Figure 1: Comparative attributes of grid communication technologies.

When comparing the RedCap categories with low-power wide area network (LPWAN) technologies such as Cat-M1, there is a drawback. LPWAN solutions have higher typical MCL values, while RedCap UE has lower MCL values. Cat-M1’s high MCL means this type of UE can tolerate more path loss, either from ground clutter or from the overall distance to a radio access network (RAN) site/sector. Higher MCL values can positively influence overall costs with RAN site build-outs; the trade-off is increased latency and reduced data rates. While Cat-M1’s extended coverage behavior is attractive, there is a performance cost to consider.

Deploying Cat-M1 requires using new overhead signaling on the RAN, adding to the LTE control plane signaling burden already in place to support “regular” broadband devices. This split configuration statically assigns radio resources for Cat-M1, regardless of whether the Cat-M1 UE is active or idle. This configuration has the negative effect of lowering the overall performance for all users that are being served by that RAN site/sector. Cat-M1 also requires 4G core network functions even when operating on a 5G SA network, which means a utility’s 5G SA network will need specific support for legacy 4G core functionality during the life of its Cat-M1 UE deployments.

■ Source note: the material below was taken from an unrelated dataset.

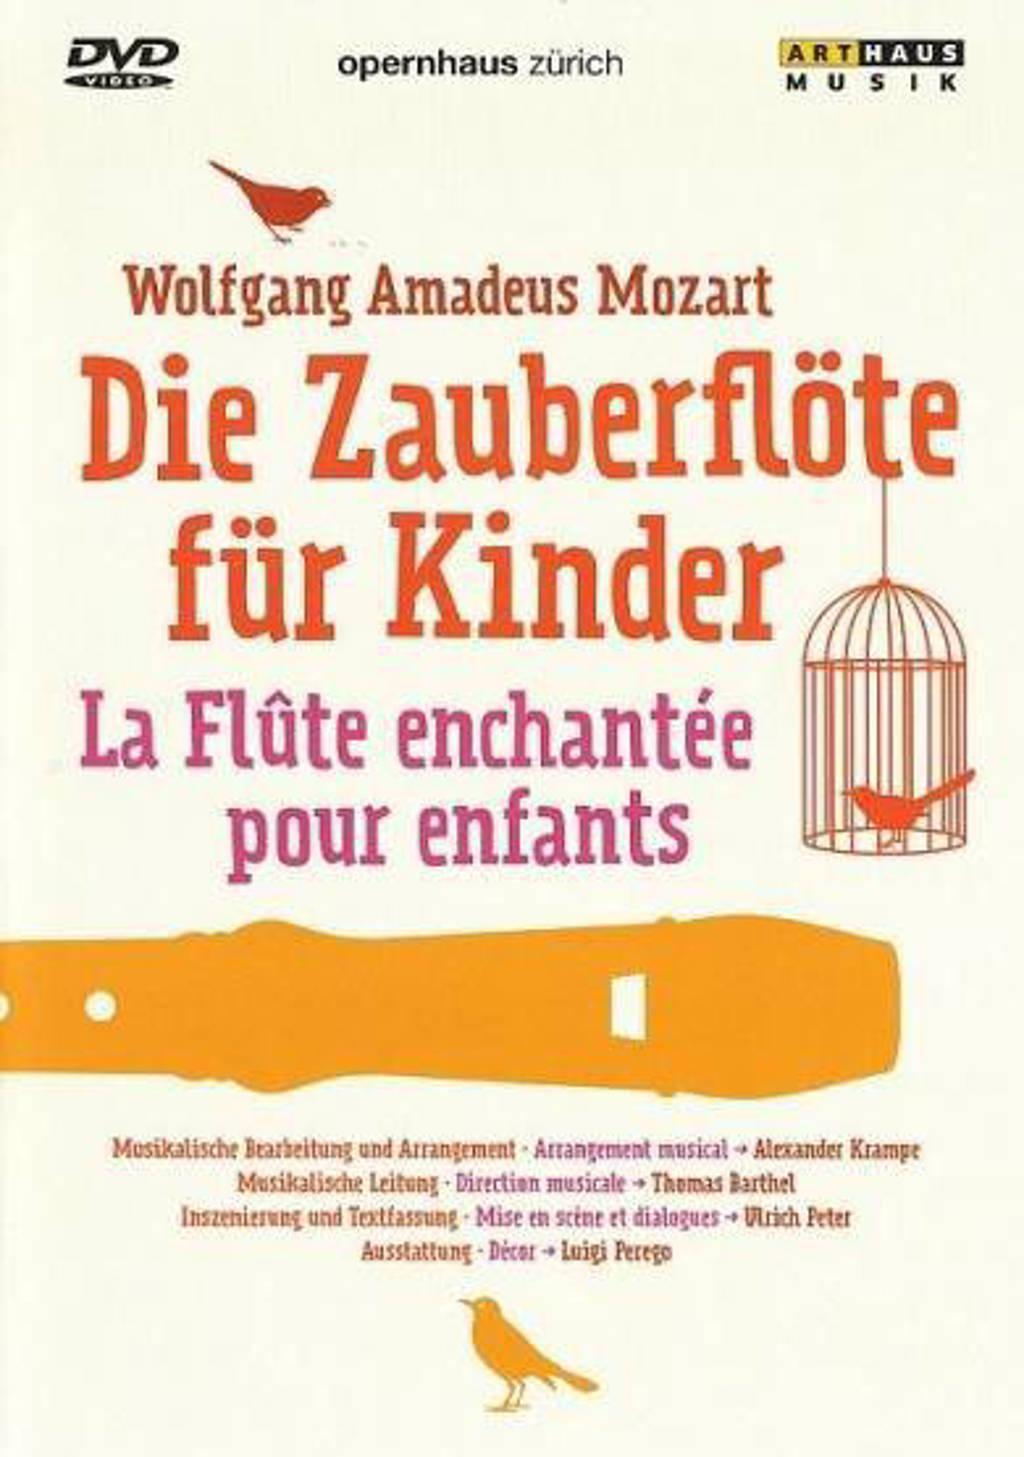 Drole,Rabl,Kyriakidou,Guo,Bidzinski - Die Zauberflote Fur Kinder, Zurich (DVD)

Unlike Cat-M1, 5G RedCap UE leverages the same control plane signaling as the broadband 5G UE categories, and the RedCap resources are dynamically assigned during UE attachment negotiations. This reduces complexities, and users on the same RAN site/sector do not experience the same reduction in performance that accompanies a Cat-M1-enabled network.

Key takeaways from the table in Figure 1:

  • RedCap’s efficient use of network resources makes it a good 5G-native alternative to Cat-M1. Furthermore, RedCap UEs are natural replacements for mid-tier LTE UE categories.
  • While NB-IoT and Cat-M1 can coexist with 5G for some time, this configuration requires legacy 4G elements and segregated spectrum (for Cat-M1 specifically).
  • By operating on a 5G SA network, RedCap UE can leverage advanced features like slicing to segregate families of flows, support enhanced positioning and incorporate end-to-end security. These features are not available on 4G networks.
Why RedCap Is Ideal for Electric Utility Use Cases

To understand the strategic importance of RedCap, it helps to understand the three primary service categories of 5G:

  • eMBB (enhanced mobile broadband). Focused on maximizing data rates and capacity for applications like high-definition video streaming and broadband access.
  • URLLC (ultrareliable low-latency communication). Designed for mission-critical applications requiring near-instantaneous guaranteed data delivery, such as autonomous vehicles and direct transfer trip.
  • mMTC (massive machine-type communications). Built to support immense connection densities of low-power and low-data UEs, such as sensors and meters.

RedCap carves out a new domain within this framework. It sits comfortably between the high cost and performance of eMBB/URLLC and the low power and low data focus of mMTC. This position is precisely where the bulk of modern utility applications lie, requiring a balance of reliable connectivity, moderate throughput and sustainable cost.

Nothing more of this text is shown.